### TASK GOAL
All lines below must be repeated exactly, with the pictures omitted.

### AVAILABLE DATA
__________________________________________________

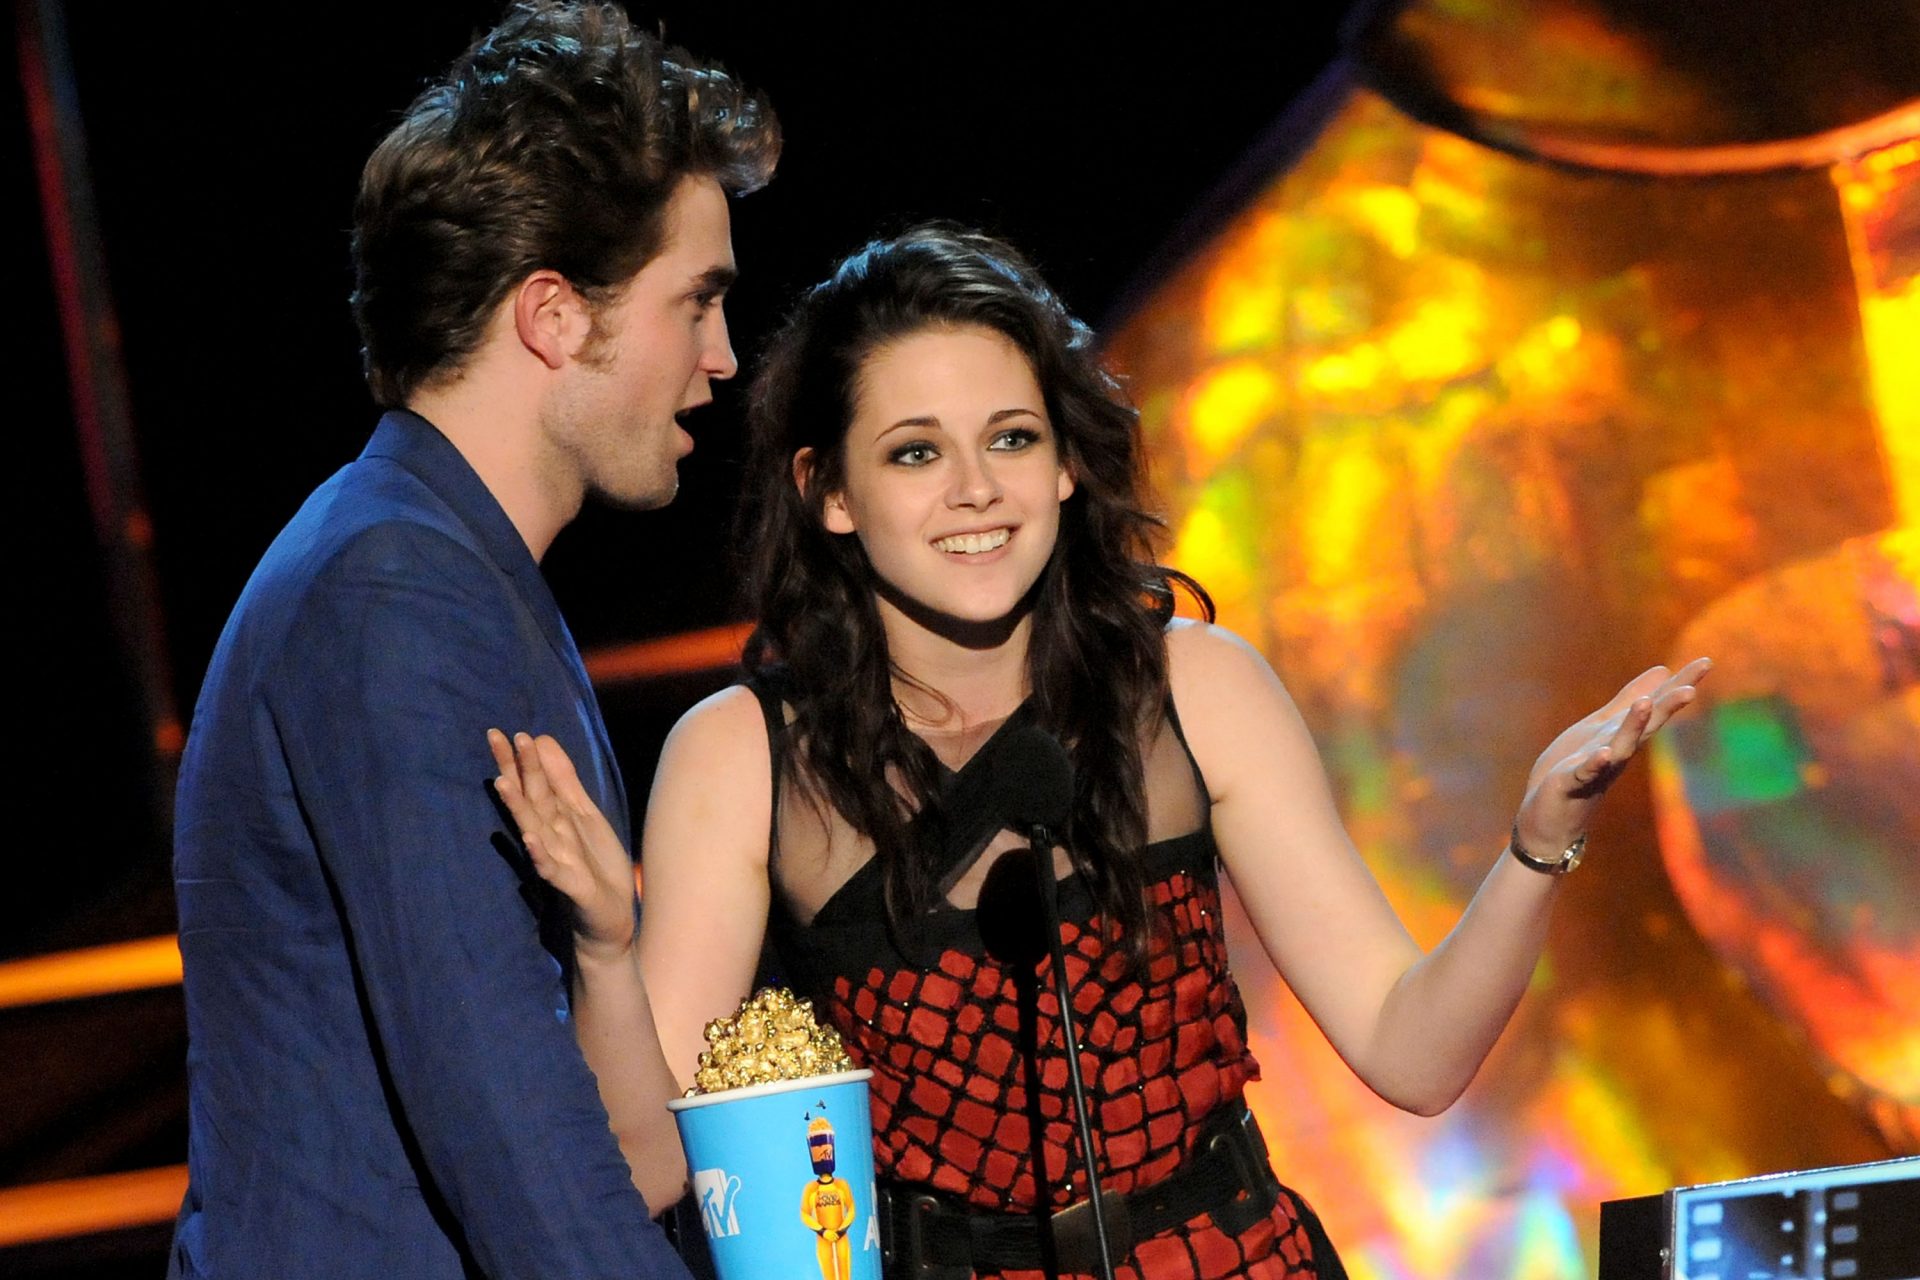 <p>Merita una menzione speciale la consegna del premio al miglior bacio agli MTV Movie Award 2009, quando hanno finto di volersi baciare ma, all'ultimo momento, non l'hanno fatto e si sono ringraziati a vicenda. Una scena indimenticabile.</p>
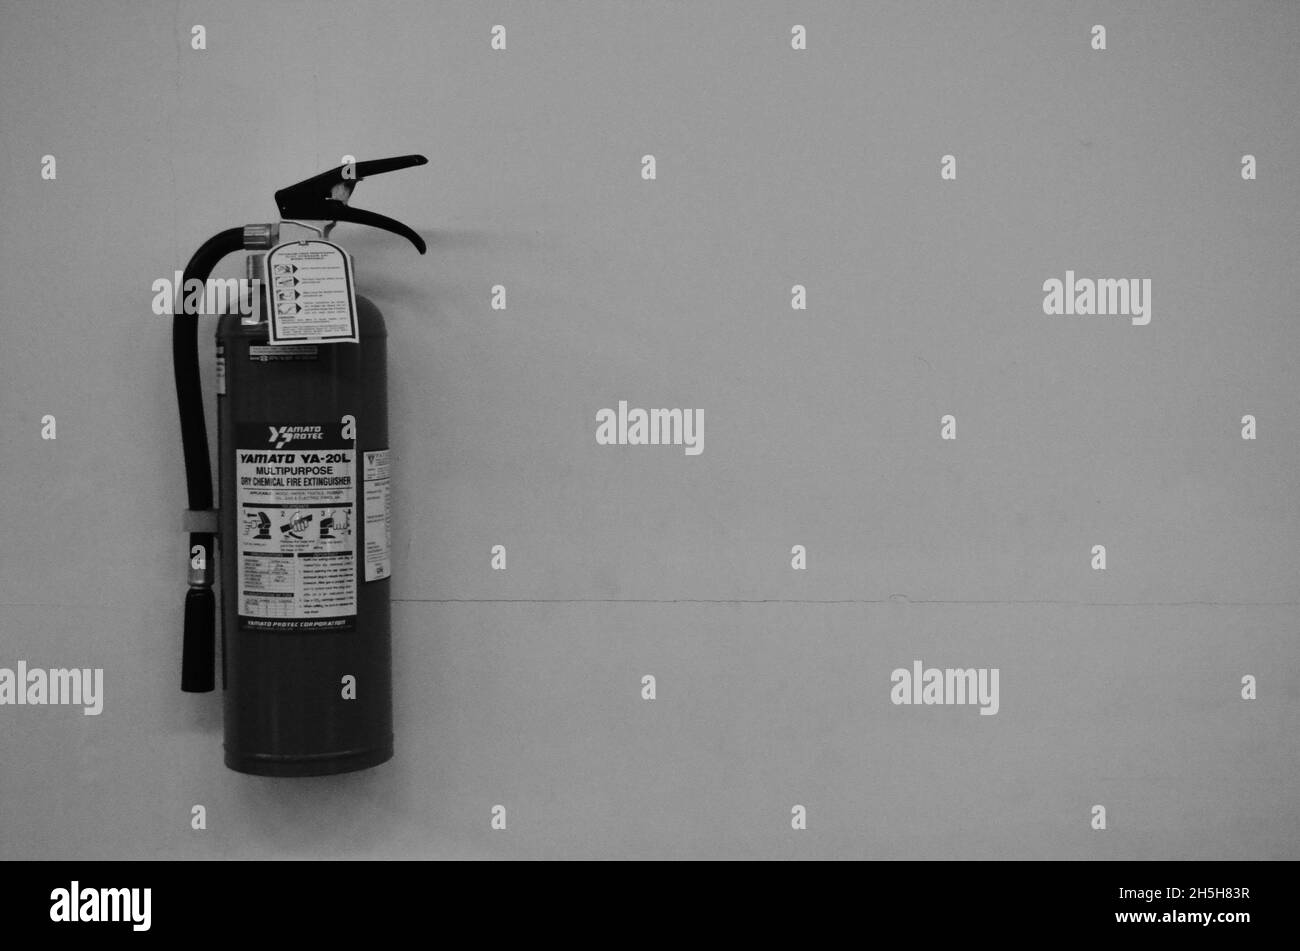 Notfeuerlöscher Stockfotos und -bilder Kaufen - Alamy
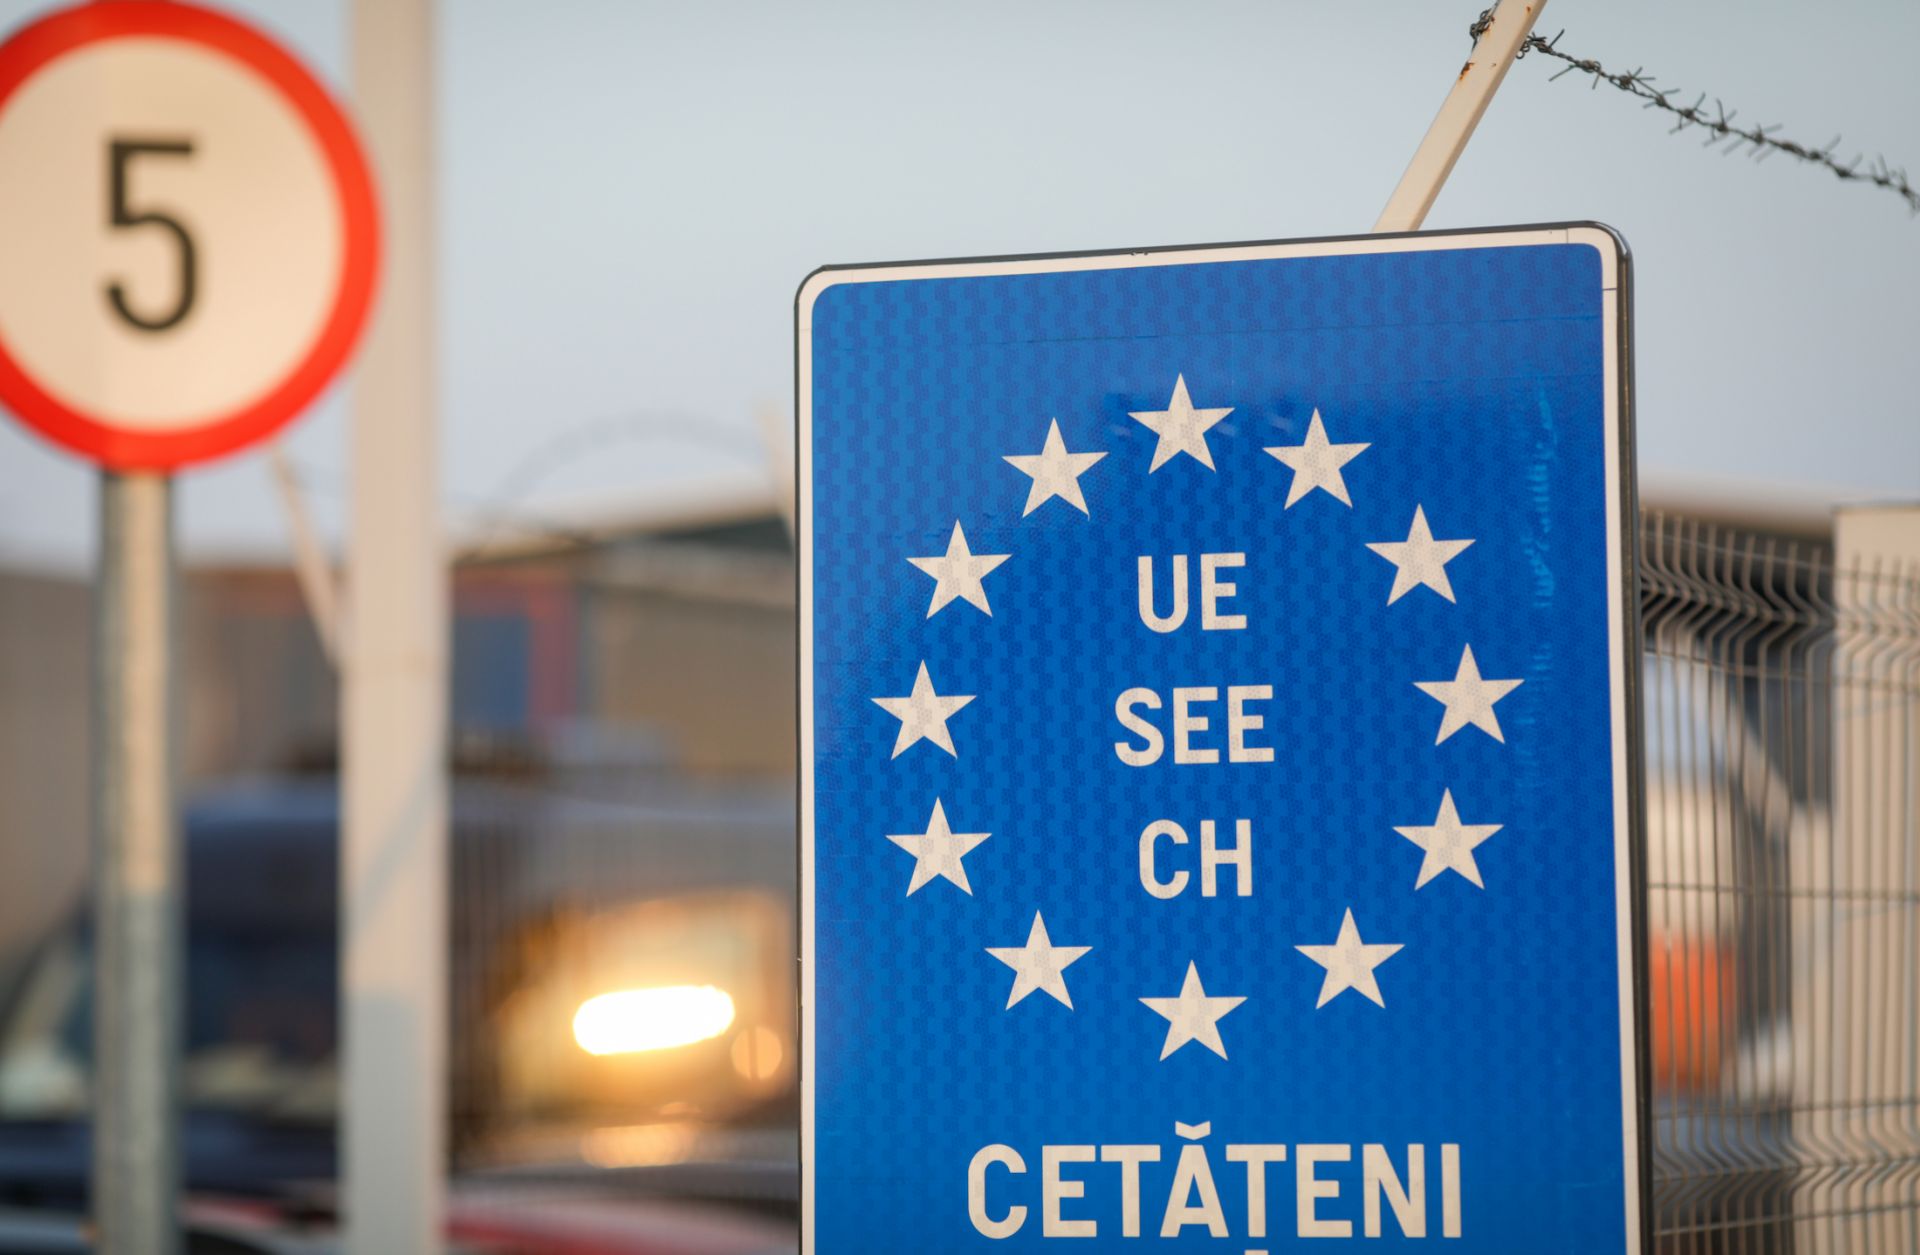 A blue EU sign is seen at a Romanian border crossing.

__________________________________________________

### RESPONSE AREA
 <p>Merita una menzione speciale la consegna del premio al miglior bacio agli MTV Movie Award 2009, quando hanno finto di volersi baciare ma, all'ultimo momento, non l'hanno fatto e si sono ringraziati a vicenda. Una scena indimenticabile.</p>
 Notfeuerlöscher Stockfotos und -bilder Kaufen - Alamy
 A blue EU sign is seen at a Romanian border crossing.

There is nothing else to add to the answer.